It's hardly a 'team sports style perspective' to use descriptive terms that aren't so useless and broad that they apply to everyone. If you can describe everybody on the planet as conservative, then that term has lost any differentiating value and meaning, hasn't it?
A) Some people act on different philosophical premises that conservative or progressive. A revolutionary communist cares not about preserving the good things we have nor attempting to make what we have better, they want to destroy the current system in its entirety.
B) A term that describes literally everyone to different degrees in different ways can still be differentiating. Every person has a height, you don't say short people have no height, but you can still use that metric to differentiate, and have specific categories based on outliers in that metric.
I'm for whatever makes the most sense. The ridiculous thing is that people here can't even admit when something conservatives are for is the better option. Because if you think what progressives are for is always the better thing to do, that's just admitting you can't critically think through anything.
I might implore you to slightly change your perspective. "What makes the most sense" is a dangerous standard because people have flawed perspectives just as part of the human condition.
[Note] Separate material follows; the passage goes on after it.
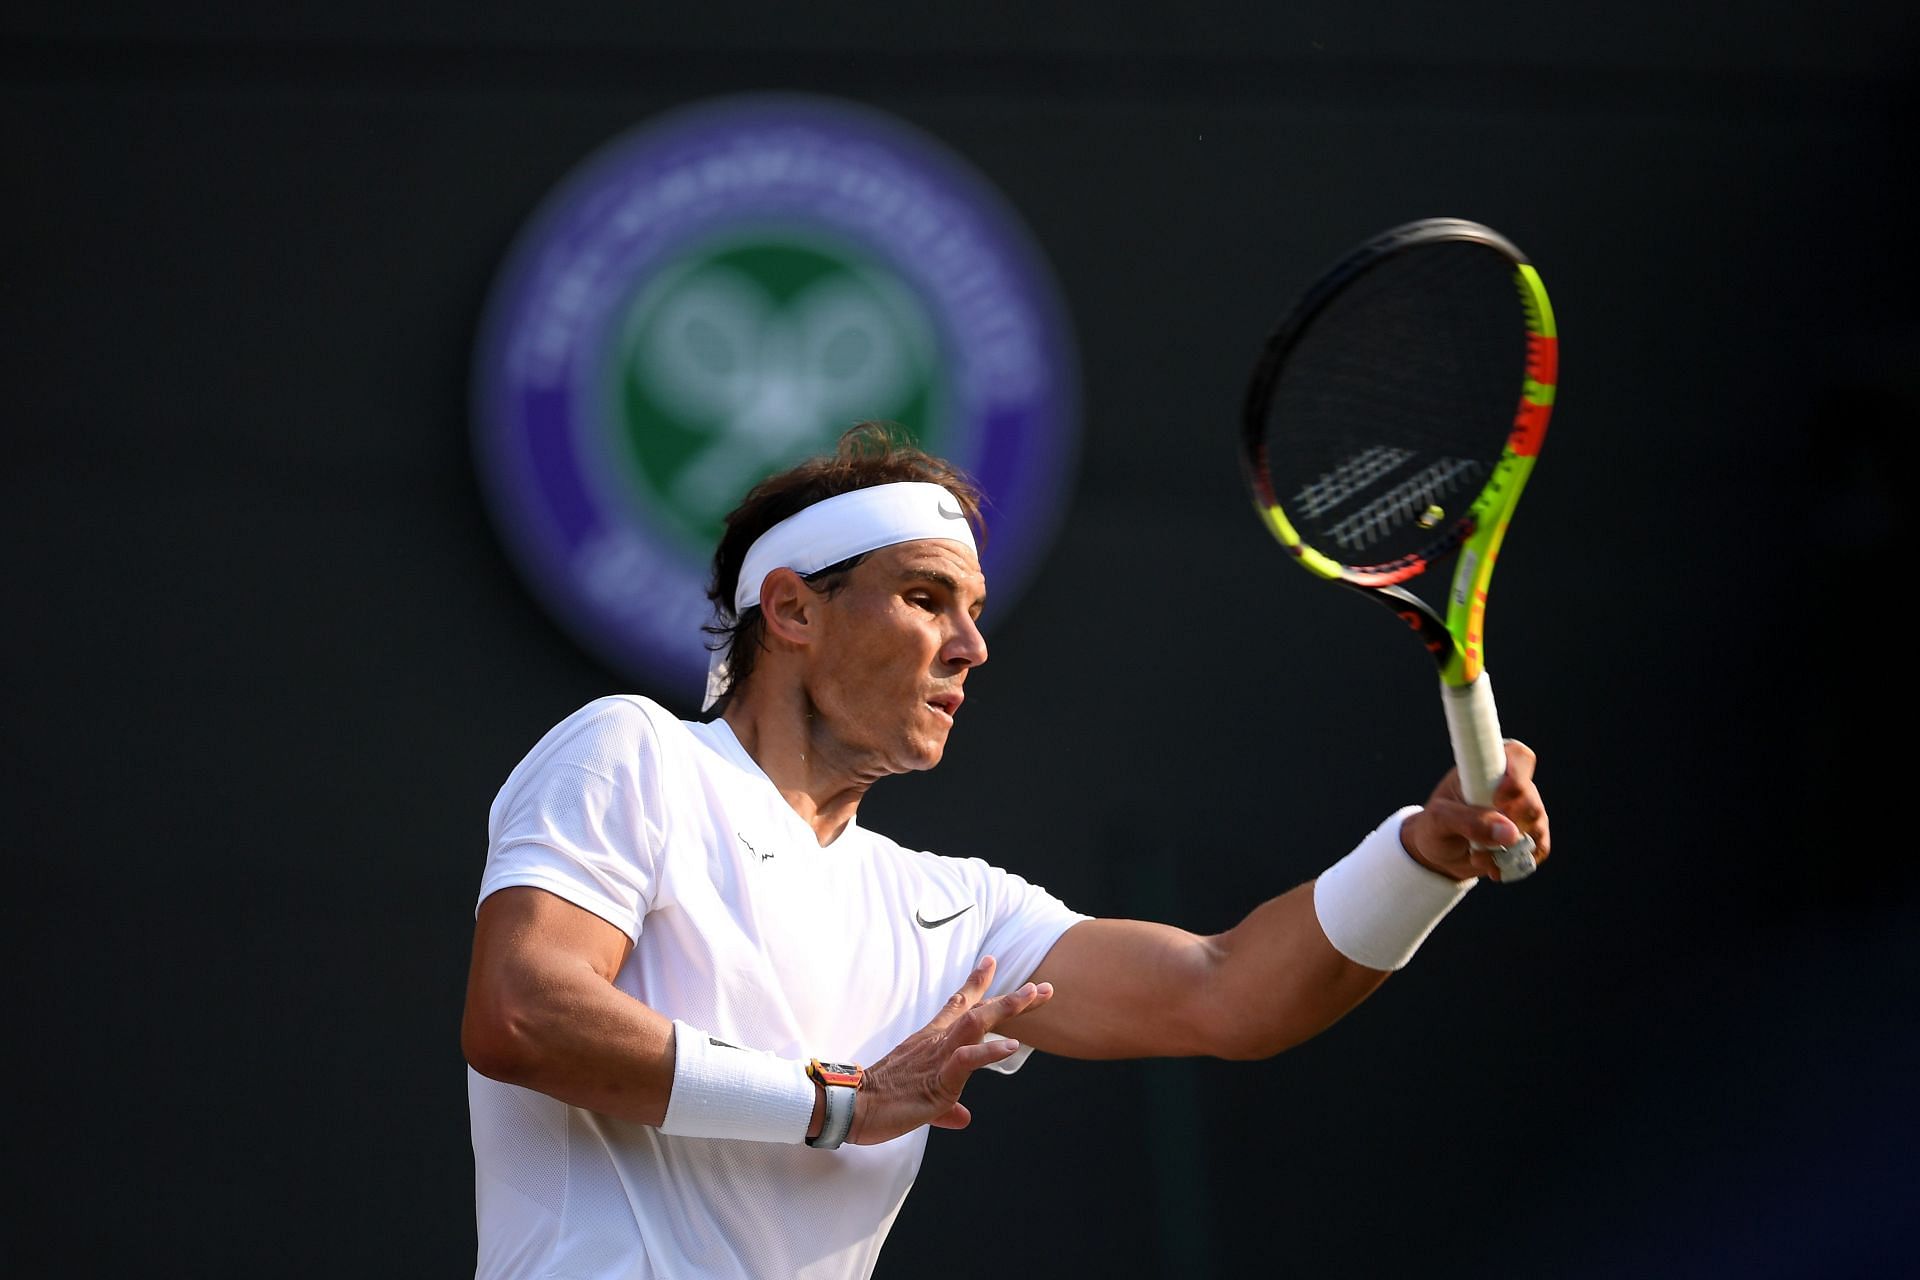 Rafael Nadal has won the Wimbledon championship twice, in 2008 and 2010.
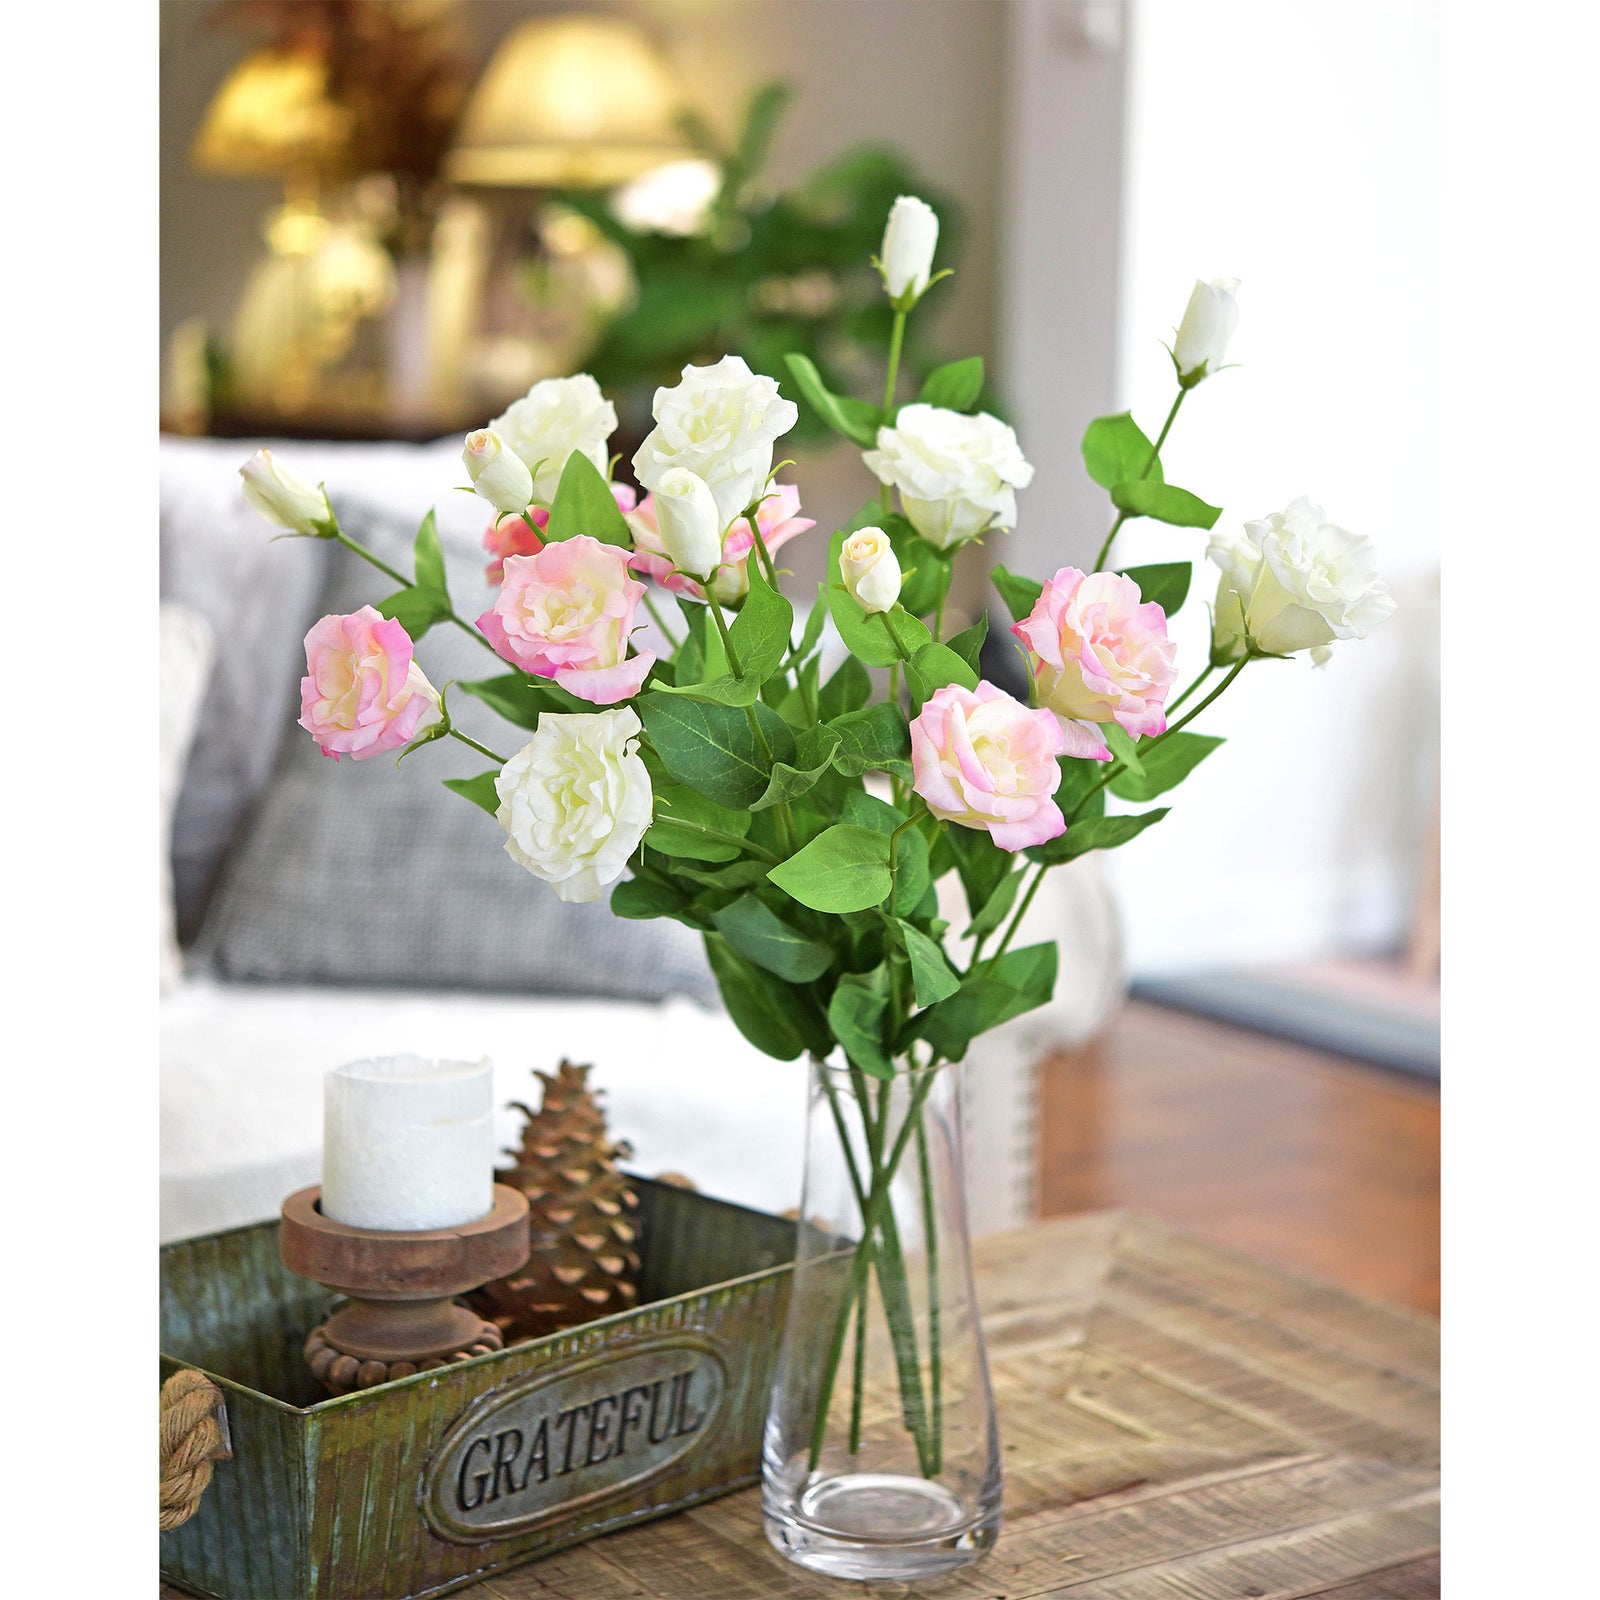 FiveSeasonStuff Real Touch Light Rose Pink Lisianthus Artificial Flowers Tall Long Stems 58cm 3 Stems

Sometimes the thing that seems to make most sense to people is a terrible idea that leads to immense suffering. I far prefer the option that leads to the best results, even if it doesn't make sense to people that it does so.
But seriously, you can agree to the premise that you're somewhat conservative. Pragmatism requires a certain amount of conservative thinking. Agema agrees to thinking that way, and Silvanus definitely thinks that way whether willing to admit it or not. This is the sort of thing I try to get people to see the distinctions between philosophies. Even a staunch progressive has more philosophically in common with me than they do a communist, assuming they are genuinely progressive and not just coopting that word as cover for their revolutionary leftism. Likewise, conservatives have more in common with progressives in their reasoning than they do with theocrats or even libertarians. An American conservative and a libertarian will often find common ground in their conclusions, but the reasoning to get there is infinitely different. And instead of appreciating that, society as a whole has just drawn a line between right and left (where that line is drawn may vary), and treats one side of the line as one team and the other side as the other team, even though the line typically takes the whole ball of pragmatic people, cuts it in half down the middle, and hands each half over to fringe idealogues.
Yes, well, isn't that the issue? To a lot of conservatives, progress is transgressive.
Progress can be transgressive, and transgression can lead to progress. But there's a difference in intention. A progressive looks at the current state of thing and wants to attempt changes to improve outcomes. Imagine a park with a gazebo that has been there for years. A conservative position is likely to quite simply want to keep the gazebo. A progressive position could be to renovate it, or replace it, or maybe even just tear it down if its existence is causing problems and even having nothing there would alleviate those problems. The transgressive position is to tear it down
because its part of the old culture and also because conservatives want to keep it.
"Anti-capitalism" was in your list of progressive positions, but that's just transgressive. It's just a "tear down the old" position, without any thought given as to what the consequences of tearing down the old would be, nor what alternative would they advocate to lead to better results.